* **Exercise brief**: Starting at the line that contains "Made in Europe, Mazzini Sofas, Eye on Design", reproduce only the lines through the end of the data, exactly, including both the first and the last; skip the pictures.

* **Data shown**:

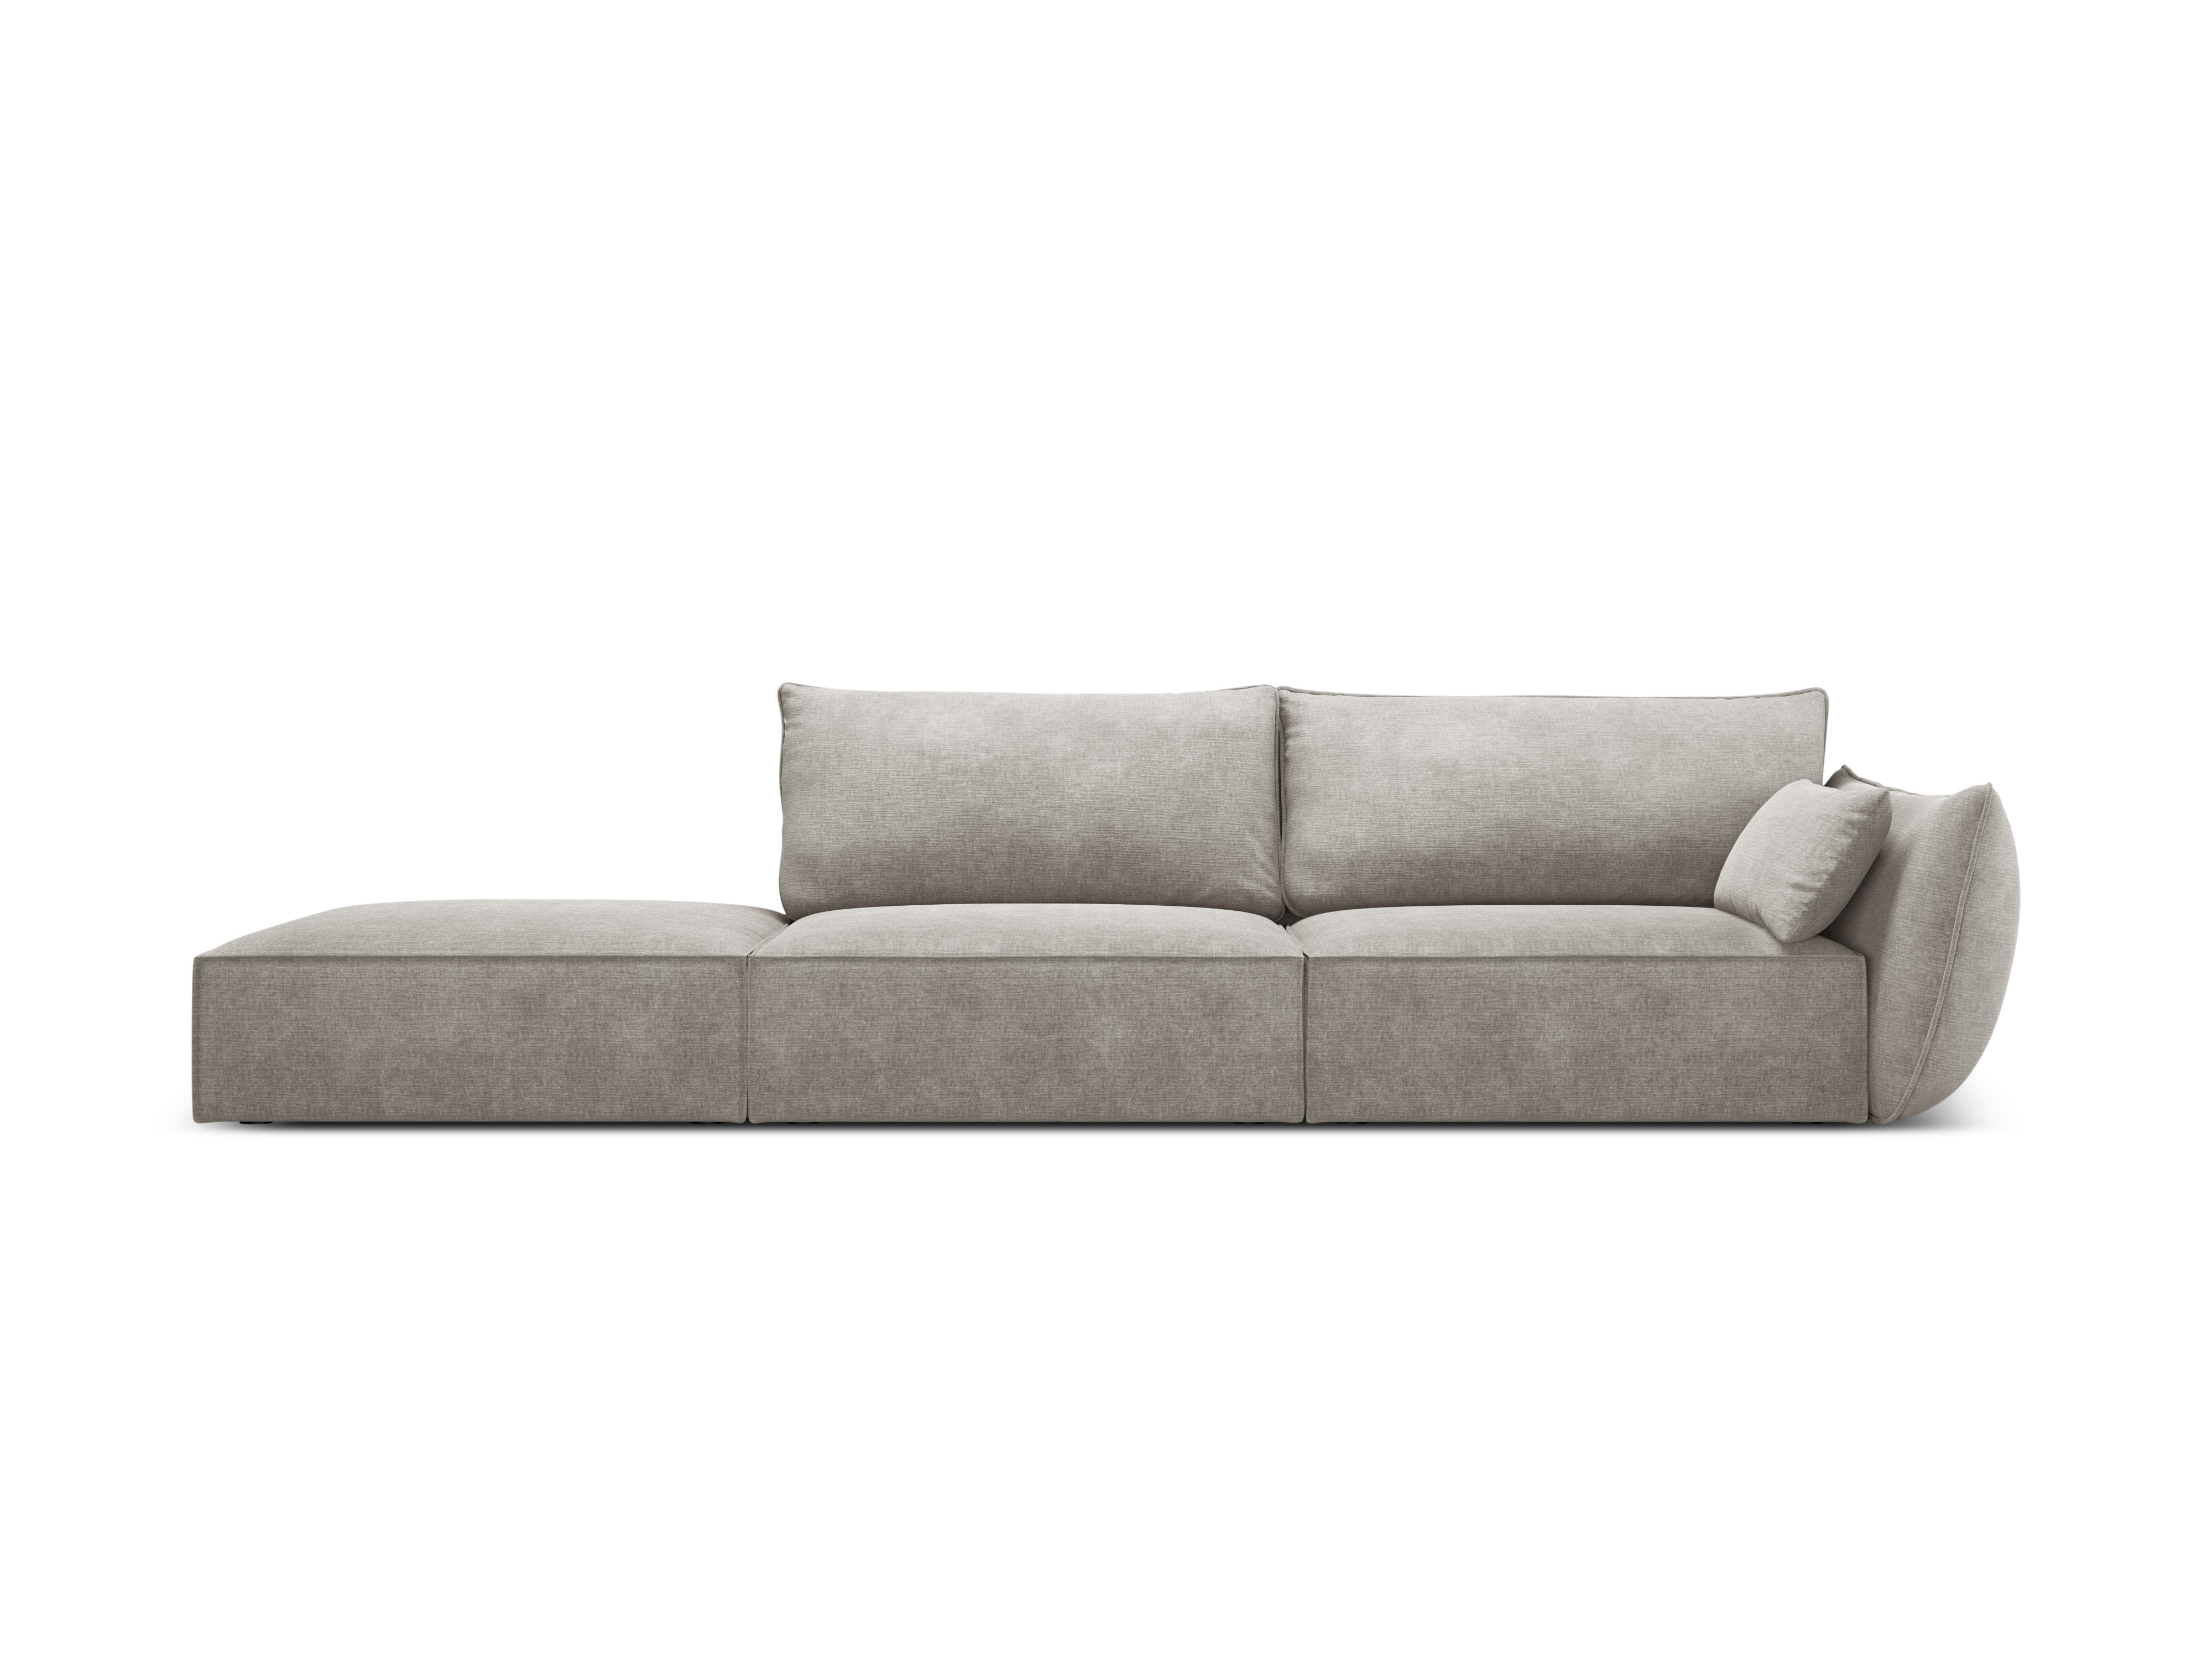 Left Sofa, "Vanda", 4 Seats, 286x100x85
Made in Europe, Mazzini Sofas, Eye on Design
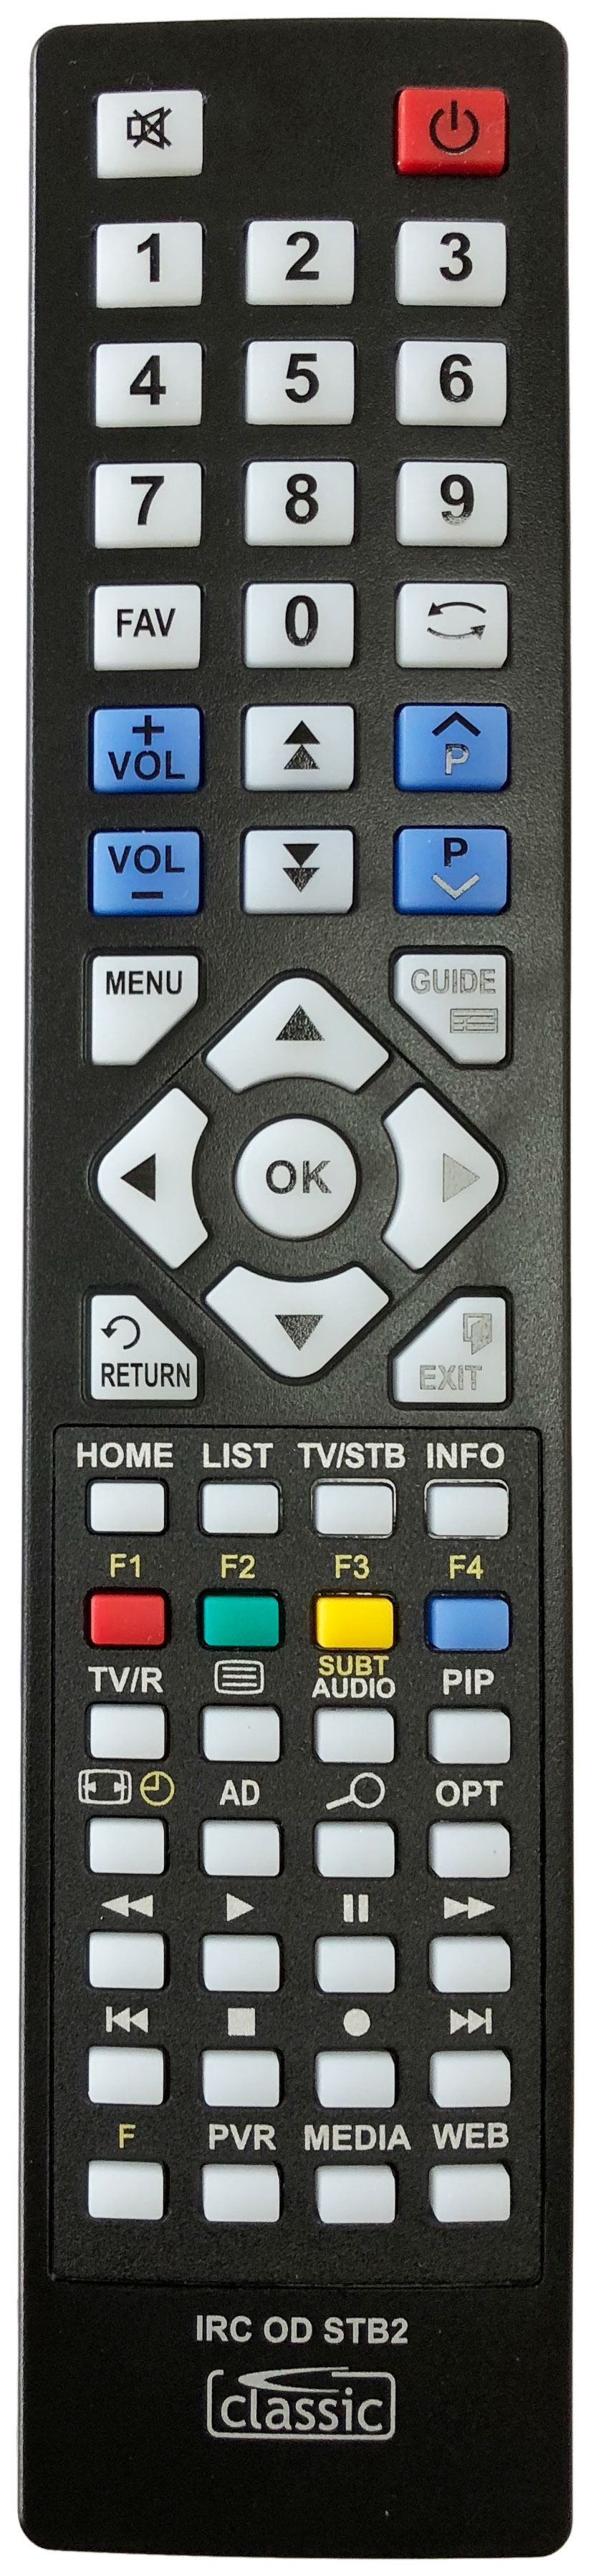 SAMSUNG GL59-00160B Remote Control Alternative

* **The answer**:
Made in Europe, Mazzini Sofas, Eye on Design
 SAMSUNG GL59-00160B Remote Control Alternative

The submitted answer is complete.